Personal information
- Full name: Adam James Smith
- Date of birth: 29 April 1991 (age 35)
- Place of birth: Leytonstone, London, England
- Height: 5 ft 11 in (1.80 m)
- Position: Full-back

Team information
- Current team: Bournemouth
- Number: 15

Youth career
- 2007–2009: Tottenham Hotspur

Senior career*
- Years: Team / Apps / (Gls)
- 2009–2014: Tottenham Hotspur / 1 / (0)
- 2009: → Wycombe Wanderers (loan) / 3 / (0)
- 2009–2010: → Torquay United (loan) / 16 / (0)
- 2010–2011: → Bournemouth (loan) / 38 / (1)
- 2011–2012: → Milton Keynes Dons (loan) / 17 / (2)
- 2012: → Leeds United (loan) / 3 / (0)
- 2012–2013: → Millwall (loan) / 25 / (1)
- 2013: → Derby County (loan) / 8 / (0)
- 2014–: Bournemouth / 350 / (5)

International career
- 2006–2007: England U16 / 3 / (0)
- 2006–2008: England U17 / 3 / (0)
- 2009: England U19 / 1 / (0)
- 2011: England U20 / 5 / (0)
- 2011–2013: England U21 / 11 / (0)

= Adam Smith (footballer, born 1991) =

English footballer

Adam James Smith (born 29 April 1991) is an English professional footballer who plays as a full-back for and captains club Bournemouth.
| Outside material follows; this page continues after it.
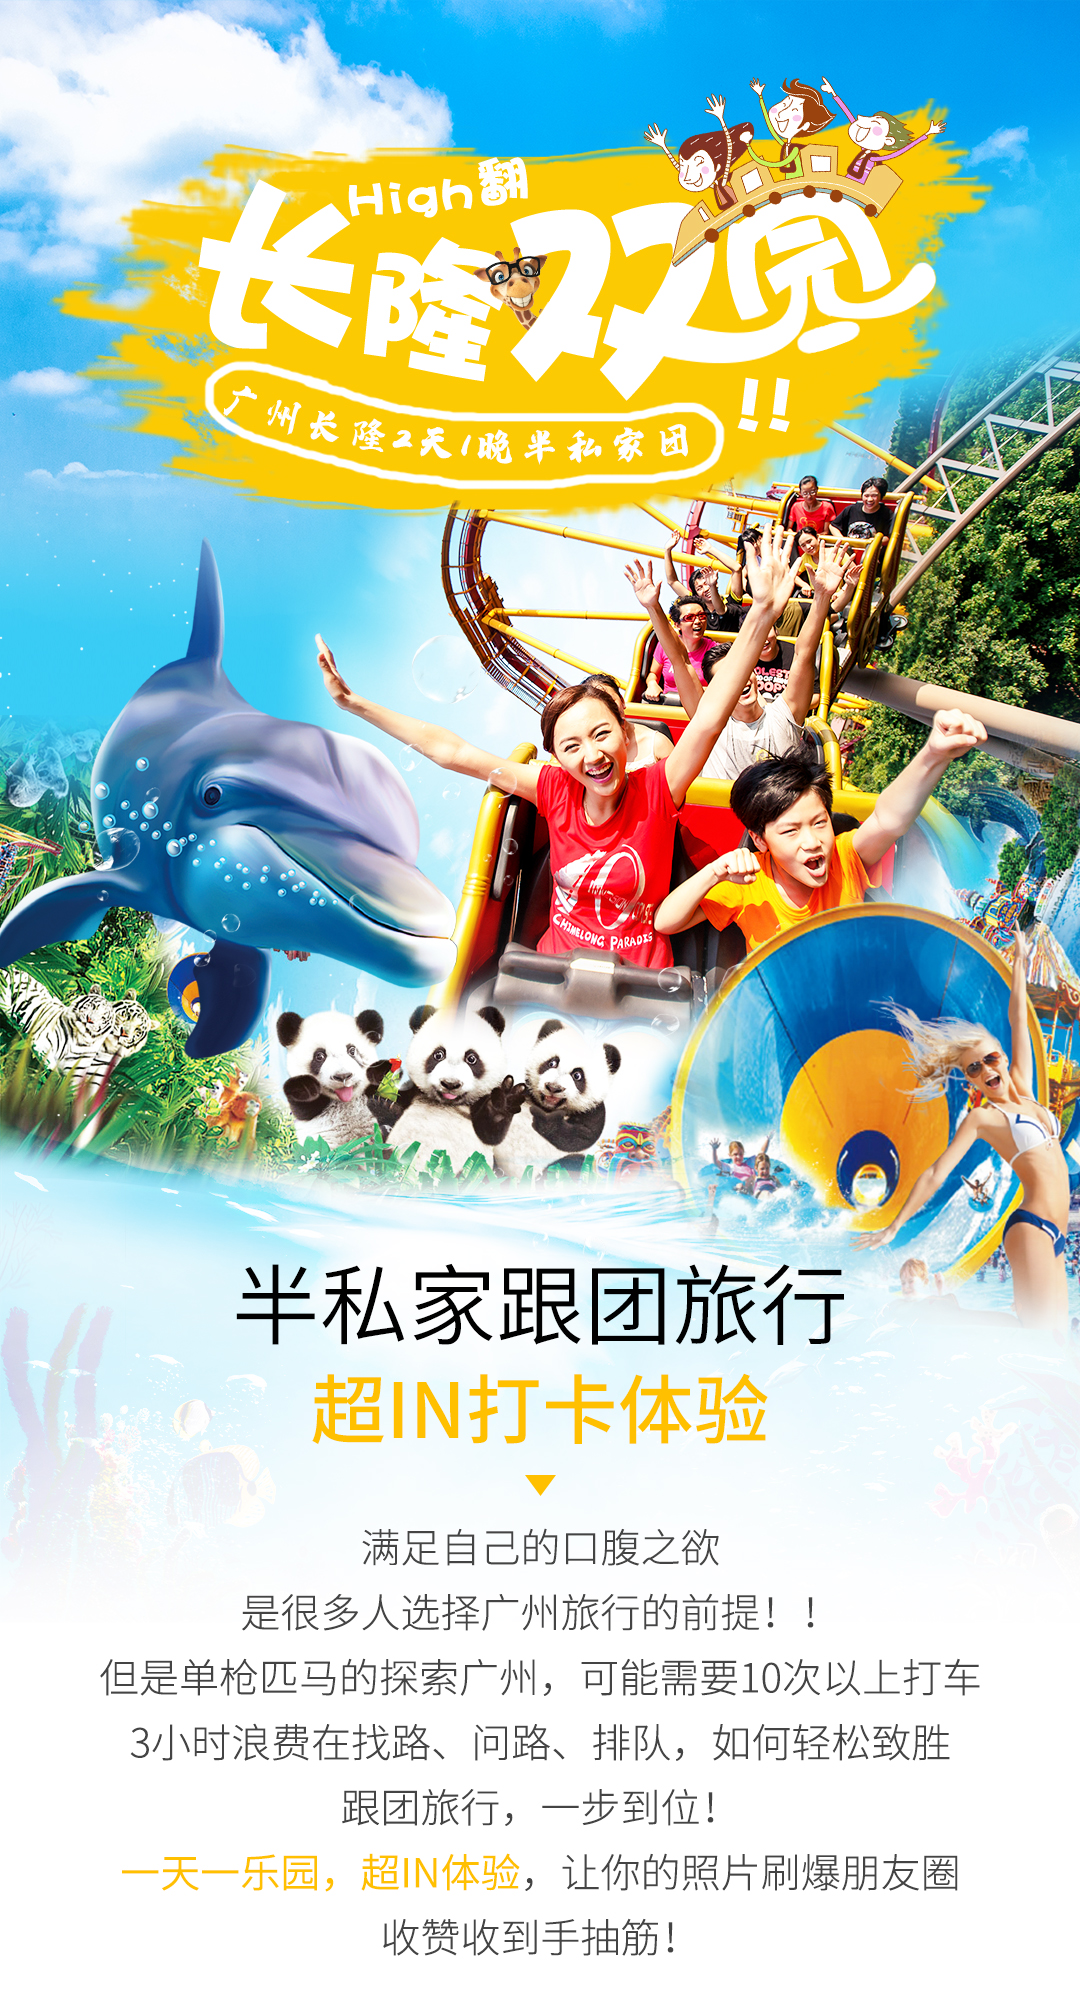 广州长隆度假区纯玩2日游·欢乐世界or水上乐园 动物世界·经典乐园不

He has also represented England at under-21 level.

==Club career==
===Tottenham Hotspur and loan moves===
Smith is a product of the Tottenham Hotspur youth academy.

In August 2009, Smith joined Wycombe Wanderers on a short-term loan as cover for two injured right backs, making his Football League debut away against Charlton Athletic on 8 August 2009. After a short loan spell at Wycombe Wanderers, which ended on 5 September 2009, he was selected to represent the England Under 19s in the 2010 European qualifications in Slovenia. Smith made his England debut and played 90 minutes in the final group game against Slovakia, which England won 2–0.

In November 2009, Smith joined League Two outfit Torquay United on loan until January 2010.

On 23 September 2010, Smith joined Bournemouth on a month loan deal. He started his spell against Carlisle United in a game in which he won a sixty-fourth-minute penalty, which new teammate Michael Symes scored. The game finished 2–0 to Bournemouth and left them third in the table.

Smith was then part of the Bournemouth side who lost 2–0 at Southampton. The youngster was sent off late on following two bookable offences. He missed the trip to Brighton & Hove Albion but returned for Bournemouth's 3–2 win against MK Dons, maintaining his 100% win ratio. This run was brought to an end when Smith played in a 2–1 defeat against Colchester United at Dean Court on 30 October 2010. On 1 April, Smith scored his first goal for Bournemouth an equaliser in the 94th minute against Peterborough United at London Road helping the cherries come back from 3–1 down with 20 minutes to go after Steve Fletcher's bullet header made the score 3–2.

In August 2011 it was announced that Smith had joined Milton Keynes Dons on a season-long loan deal. On 5 November, he got his first goal for the club against Rochdale scoring from distance. At the end of January 2012, Smith was recalled from his loan spell at Milton Keynes Dons.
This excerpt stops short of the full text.